Two Canadian physicians hope they're leading the way toward a new method of settling disputes with patients, colleagues and hospitals.
Mediation - intervention aimed at settling or reaching a compromise over contentious issues - is nothing new in the legal system. Indeed, it's now mandatory for all civil matters in Eastern Ontario. However, it's relatively new when it comes to health care, and that's why longtime colleagues Dr. Jan Ahuja, chair of emergency medicine at the University of Ottawa, and Dr. Rob Robson, CEO at the Urgent Care Clinic in the Ottawa suburb of Orleans, recently teamed up to form a company with the Internet-friendly moniker of mediate.calm. They are not aware of any other physician mediators working in Canada. FIGURE
"I'm just an emergency doc, so of course I never have to deal with conflicts," says Robson with a laugh. After observing - and sometimes participating in - health care conflicts for a combined total of more than 40 years, the 2 became intrigued with the concept of alternate dispute resolution (ADR). Robson took the first step while doing claims-management work for the Canadian Medical Protective Association. A lawyer friend had assured him that mediation was the way to go, and "eventually she broke me down. I went [to a course] and she was right."

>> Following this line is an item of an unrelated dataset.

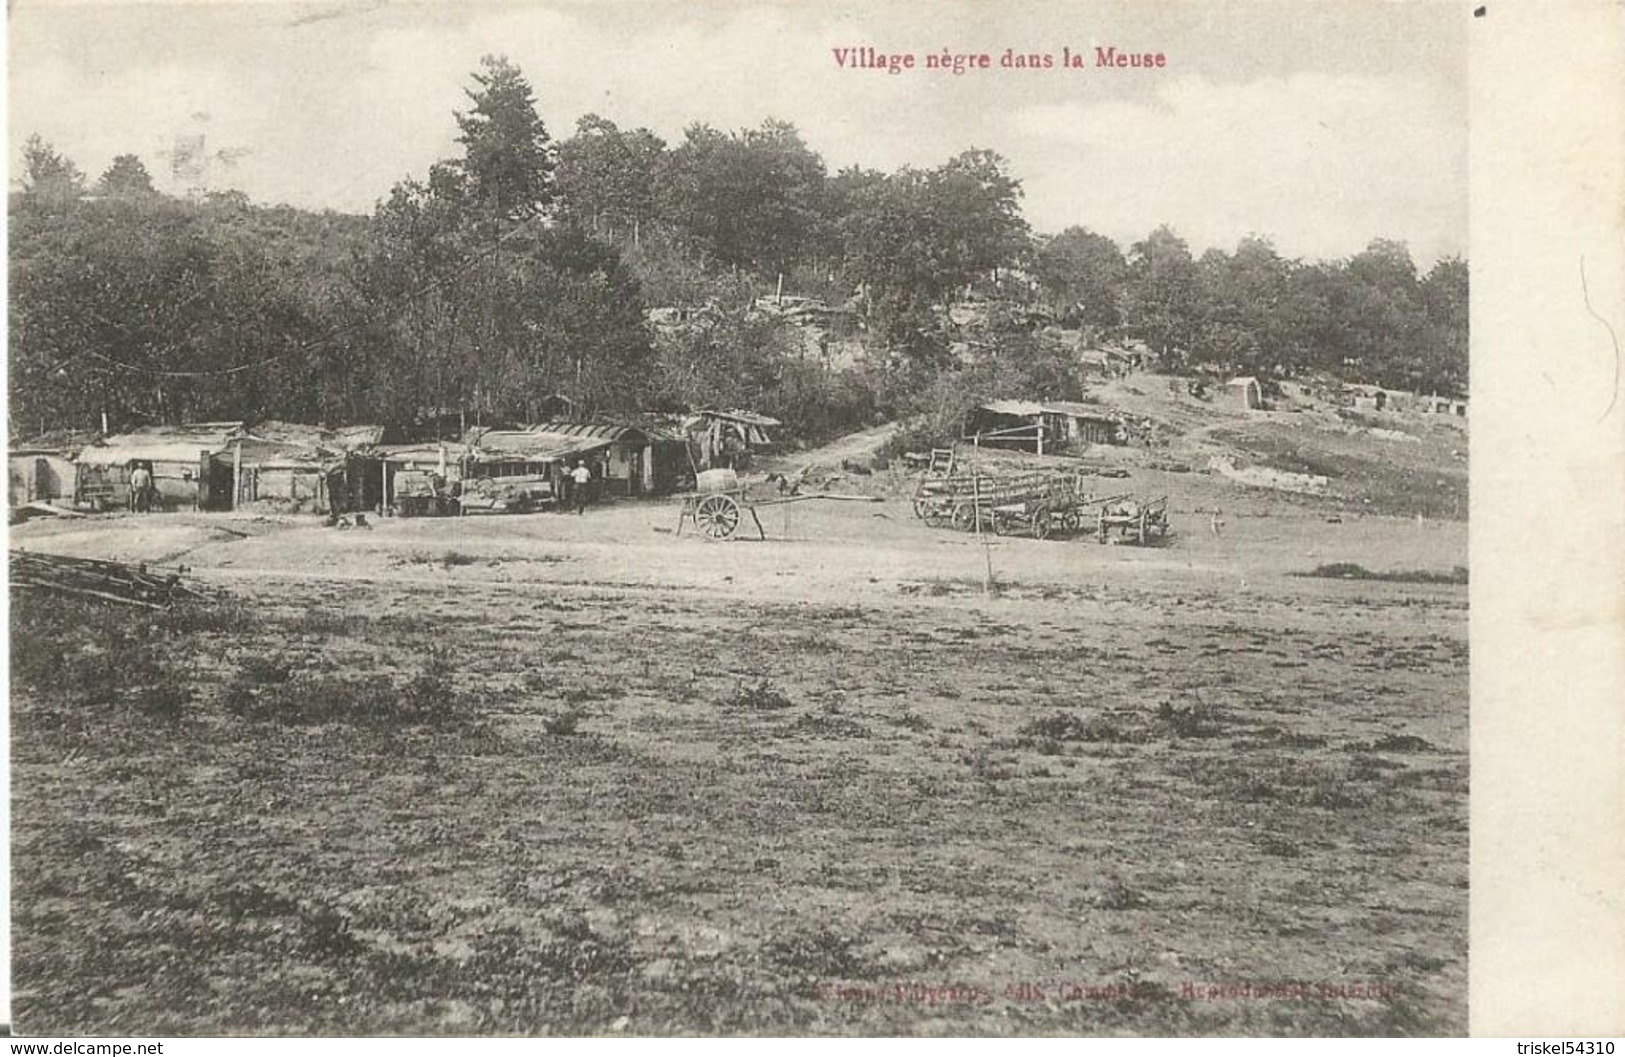 Carte Postale Soldats Français, Village Nègre Dans La Meuse / 14-18 / WW1 / POILU - 1914-18

Both physicians are now certified in ADR, Robson through Harvard Law School and Ahuja through the University of Windsor Law School. Both do work for the Dispute Resolution Centre of Ottawa-Carleton, a not-for-profit resource used during criminal cases.
Besides its mediation services, mediate.calm provides interactive negotiation training seminars and courses. The aim is to find ways to deal with disputes that are less costly, less stressful, faster and allow all parties to participate. The overall goal is to find win-win solutions and to avoid the legal system's traditional winner-loser scenario.
"The key thing is for the parties to hear each other and get committed to the resolution," says Robson. "The success rate is much higher that way. People actually follow through on what they say they will do."
Nonlawyer mediators offer an outside, impartial view that fosters creative problem solving. And as physicians, Robson and Ahuja also bring an ability to identify fundamental problems (the diagnosis) and help develop durable relationships among the parties (the "therapeutic" solutions to "patient" problems).
Mediate.calm is beginning with training seminars in an attempt to get physicians thinking about mediation and understanding the spectrum of dispute resolution. That spectrum goes from negotiation to mediation to arbitration to minitrial and, finally, to the last resort, litigation. Mediate.calm concentrates on the first 2 areas because they allow parties to design their own solutions.
So far they've held seminars for ER physicians and members of the Canadian Society of Physician Executives. Their aim with the latter group was to teach how to anticipate, prevent and, if need be, deal with conflicts.
Typically, they present "totally fictional" case studies to get participants thinking. A case in point: 2 ob/gyns are in conflict. Dr. Smith is the director of a residency program at a tertiary care hospital; Dr. Jones, is his counterpart at a sister, community hospital and chair of the university department, which makes him Smith's boss. They are in conflict over trainee allocation. Smith wants more residents at his hospital, which handles the more complicated cases, because he believes this gives the residents more experience. Jones wants more residents in his community-based hospital. Then the provincial health ministry decides to amalgamate the 2 hospitals. What should the 2 physicians do?
The mediators begin looking at each person's interests, rather than their rights. Are they mutually exclusive? Is there some common ground? "We ask, 'What are you really concerned about? What do you want to accomplish?'" says Ahuja. "Everyone comes to the table with interests that aren't on the table, and the idea is to get them on it."
What is the solution to this particular conflict? Ahuja won't say - he leaves it up to workshop participants to come up with possible resolutions.
The 2 doctors' interests aren't limited to hospital-based mediation - they also want to apply their skills to conflicts in physicians' offices. Within a few years, they hope to be teaching, mediating and designing ADR systems for organizations outside health care. "We haven't quit our day jobs yet," says Ahuja.